Violence in BARMM

Peace in the Bangsamoro Autonomous Region in Muslim Mindanao is under threat as a horizontal form of violence has increased in Maguindanao and in Lanao provinces, the heartland of the autonomous region in the southern island of Mindanao.

After the once-separatist Moro Islamic Liberation Front (MILF) signed a peace deal with the government in 2014, embracing autonomy, fighting between state security forces and the rebel group ceased.

There was a noticeable decline in the vertical form of violence although fighting with small and more violent Islamist militants continued to plague the region.

It culminated in the five-month siege of Marawi City, the only known Islamic city in the country when various Islamist militant groups banded together with the Maute group to occupy the lakeside city’s business and commercial district.

As a result of the conflict, Marawi City was left in ruins, displacing thousands and disrupting the local economy.

The city’s rehabilitation remained slow and more than seven years after the conflict, it remained a wasteland.

But Marawi was just a symptom of a bigger problem in Muslim Mindanao.

A more violent and bloody conflict might erupt as the 2025 mid-term elections draw near.

It might affect not just the Muslim region but the entire country as well, threatening the 10-year-old peace agreement with the MILF.

President Ferdinand Marcos Jr. certainly does not want a repeat of the Marawi conflict or the larger 1970s secessionist war during his late father’s administration.

The Philippines nearly lost Mindanao in the early 1970s as the Moro National Liberation Front (MNLF) nearly won on the battlefields in Cotabato.

In the last three years from 2021, the Council for Climate and Conflict Action Asia (CCAA), a local peacebuilding organization, has noticed a dramatic rise in horizontal violence fueled by a vibrant shadow economy, land disputes, competing local interests, and the MILF’s potential loss in the regional elections.

There has been a deadly pattern of violence every time an election takes place in BARMM – in the 2022 national and presidential elections and in the recent barangay elections.

There are fears there would be a spike in violence during the 2025 elections.

MILF-related violence went down after the 2014 peace deal and after the regional government was installed in 2019 with Ebrahim “al Haj” Murad as the region’s chief minister.

In 2022, the first regional elections were postponed and moved to May 2025, the first time Murad’s leadership would be tested by traditional politicians.

Former Sulu Governor and political kingpin, Sakur Tan, planned to contest Murad’s position.

The political contest could be an ingredient for regional violence.

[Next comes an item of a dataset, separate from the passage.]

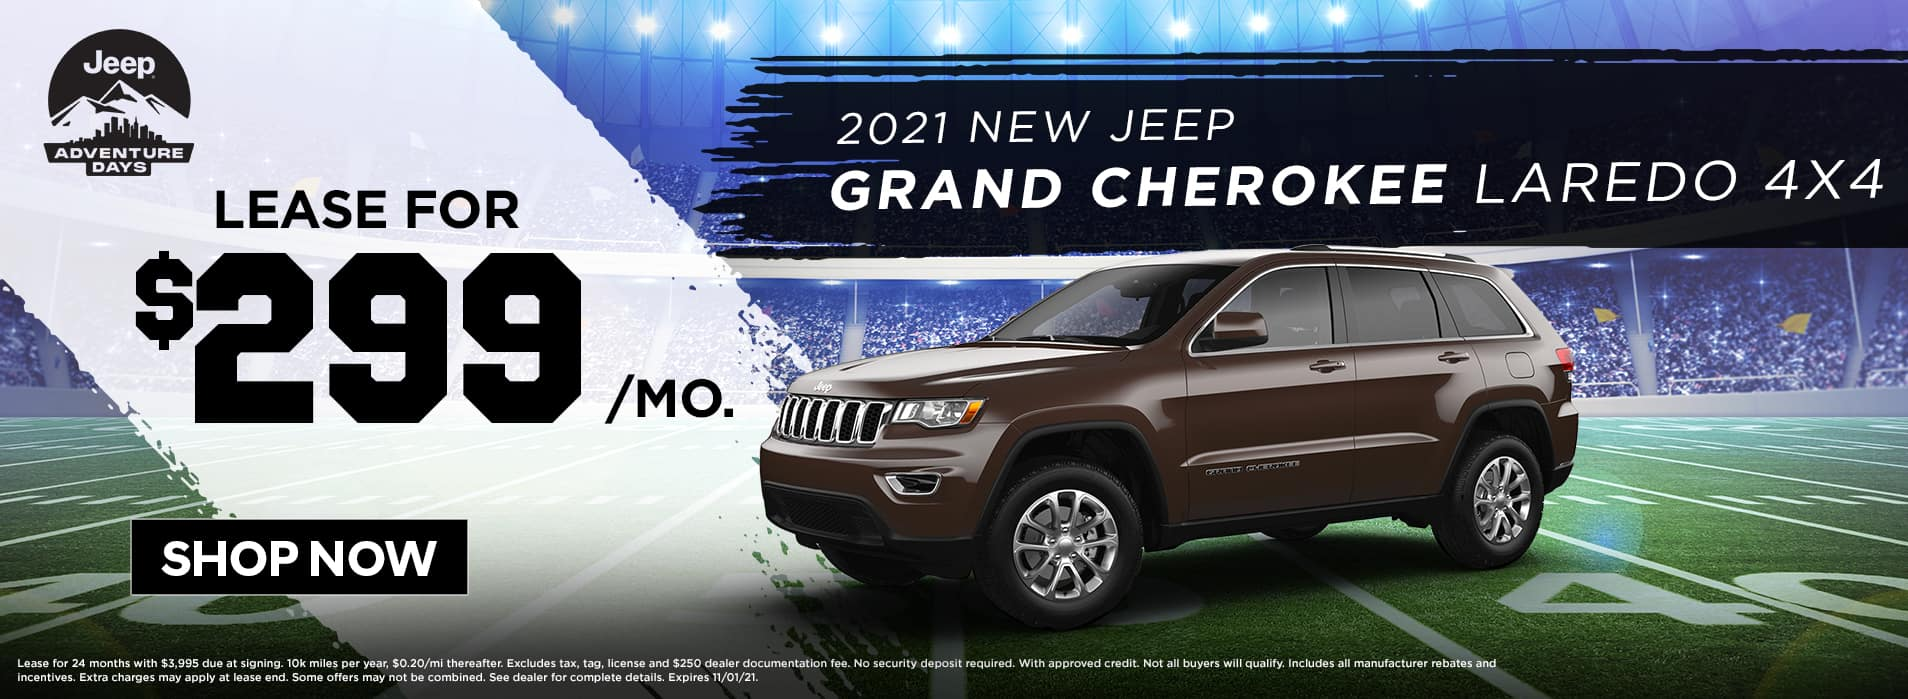 124-1021-SCO5101-Grand Cherokee

However, more troubling are the identity-related and land disputes that has fueled the violence in BARMM’s heartland.

Muslims have been returning to lands they had lost during the conflict with the government, displacing indigenous groups that gained ownership by siding with the government during the secessionist war.

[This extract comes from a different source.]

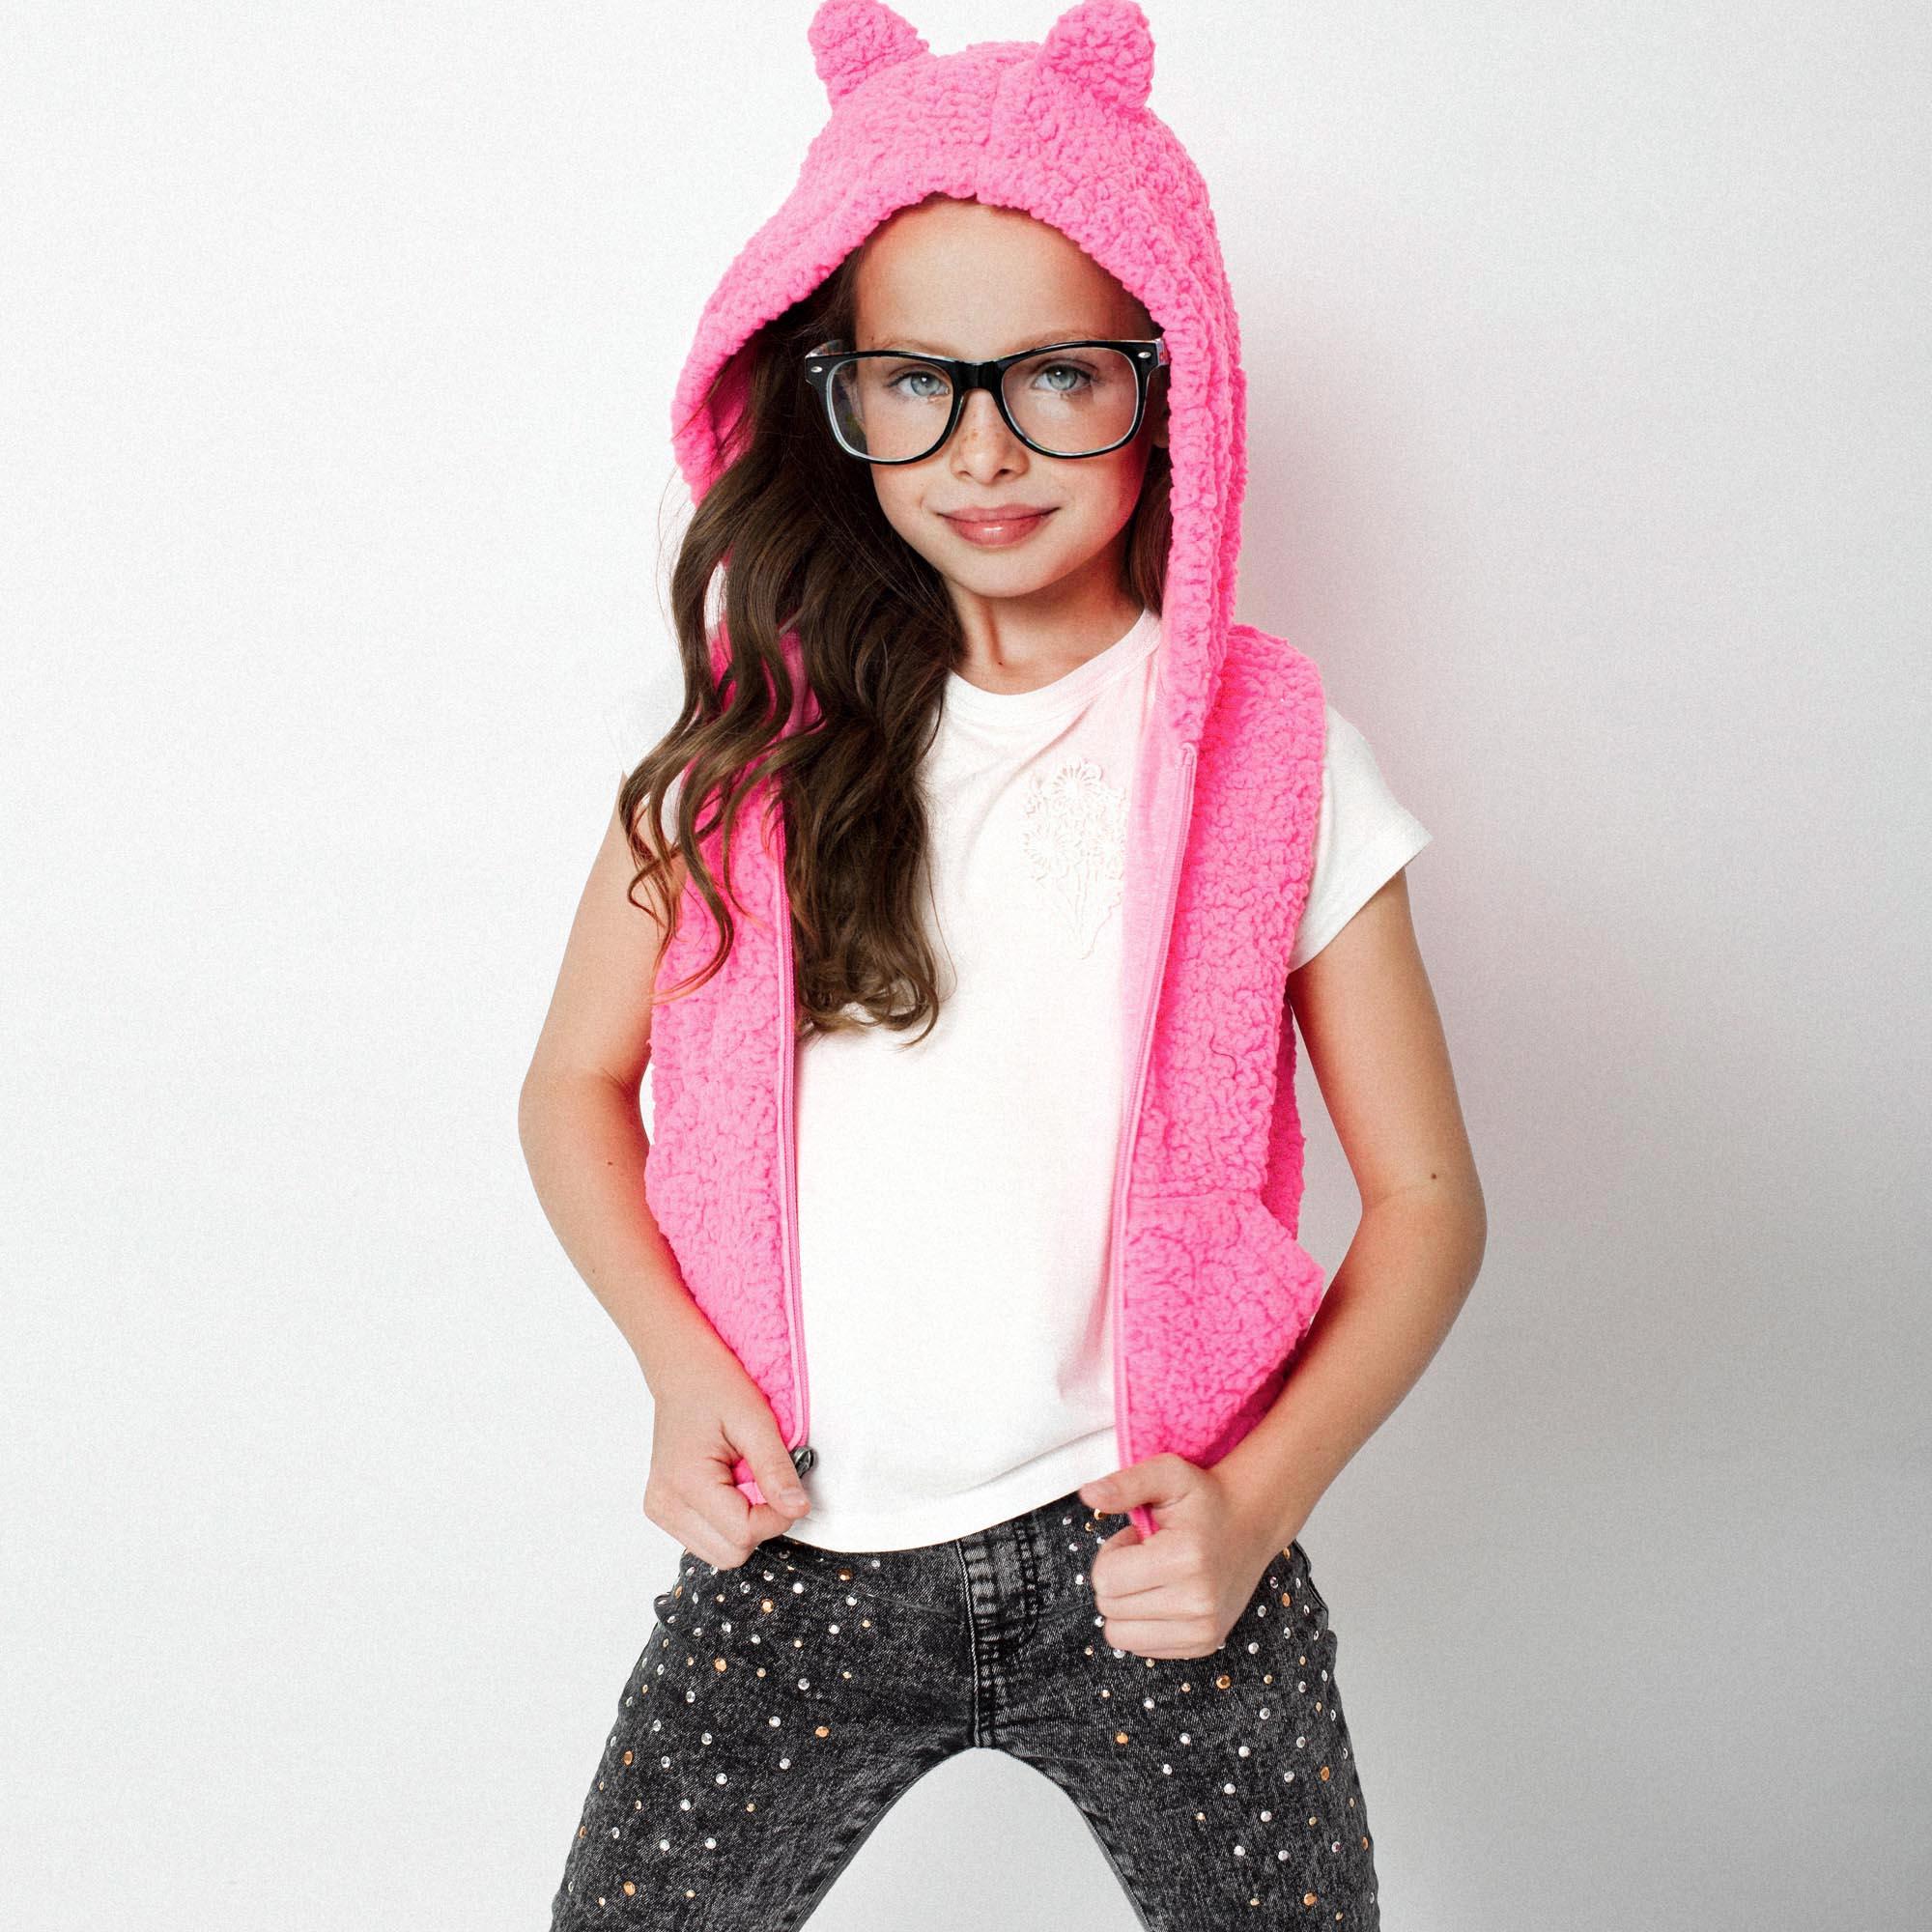 nyc-photographers-kids-modeling-100052.jpg

However, Muslim families and former rebel commanders have also started feuding among themselves, creating tension that have exacerbated land disputes and turf wars.

Control over the shadow economy – illegal drug trade and illicit gun trade – has also fueled violence.

Some of the local families and clans were engaged in these illegal activities as profits from the shadow economy rose.

Wealth and political power are related as clans and families fight for territories in Muslim Mindanao.

The internal revenue allotment was another source of potential violence as local politicians treat government subsidies as personal funds.

Moreover, Muslim Mindanao’s heartland is the center of gravity of extremist Islamist groups affiliated with the Islamic State, al Qaeda, and the regional Jemaah Islamiyah.

As long as these extremist groups exist and with the rising competition among local political families driven by political power and control of the shadow economy, there will be no peace in BARMM.

The central government must step in by imposing an honest campaign to dismantle private armed groups controlled by warlords and traditional politicians.

The MILF leadership must also show political will in disciplining erring local “commanders” and an honest-to-goodness program of decommissioning weapons and demobilizing combatants.

But these are easier said than done.

National politicians depend on local warlords to deliver votes in elections.

And the MILF will not surrender arms because they feel unsafe in their communities surrounded by their enemies.

But, perhaps, Maguindanao and Lanao del Sur could learn a lesson from Sulu, Basilan, and Tawi-tawi to reduce violence.

Sulu could be a model although guns continue to proliferate in local communities.

Over the last three years, there was relative peace in these three island provinces after the Abu Sayyaf was decimated.

But this will not guarantee that Sakur Tan will prevail in next year’s balloting.

Sulu’s population is smaller than those in Lanao and Maguindanao. There are other factors, including support from the central government.

Let’s see who Marcos will support for the BARMM’s chief minister.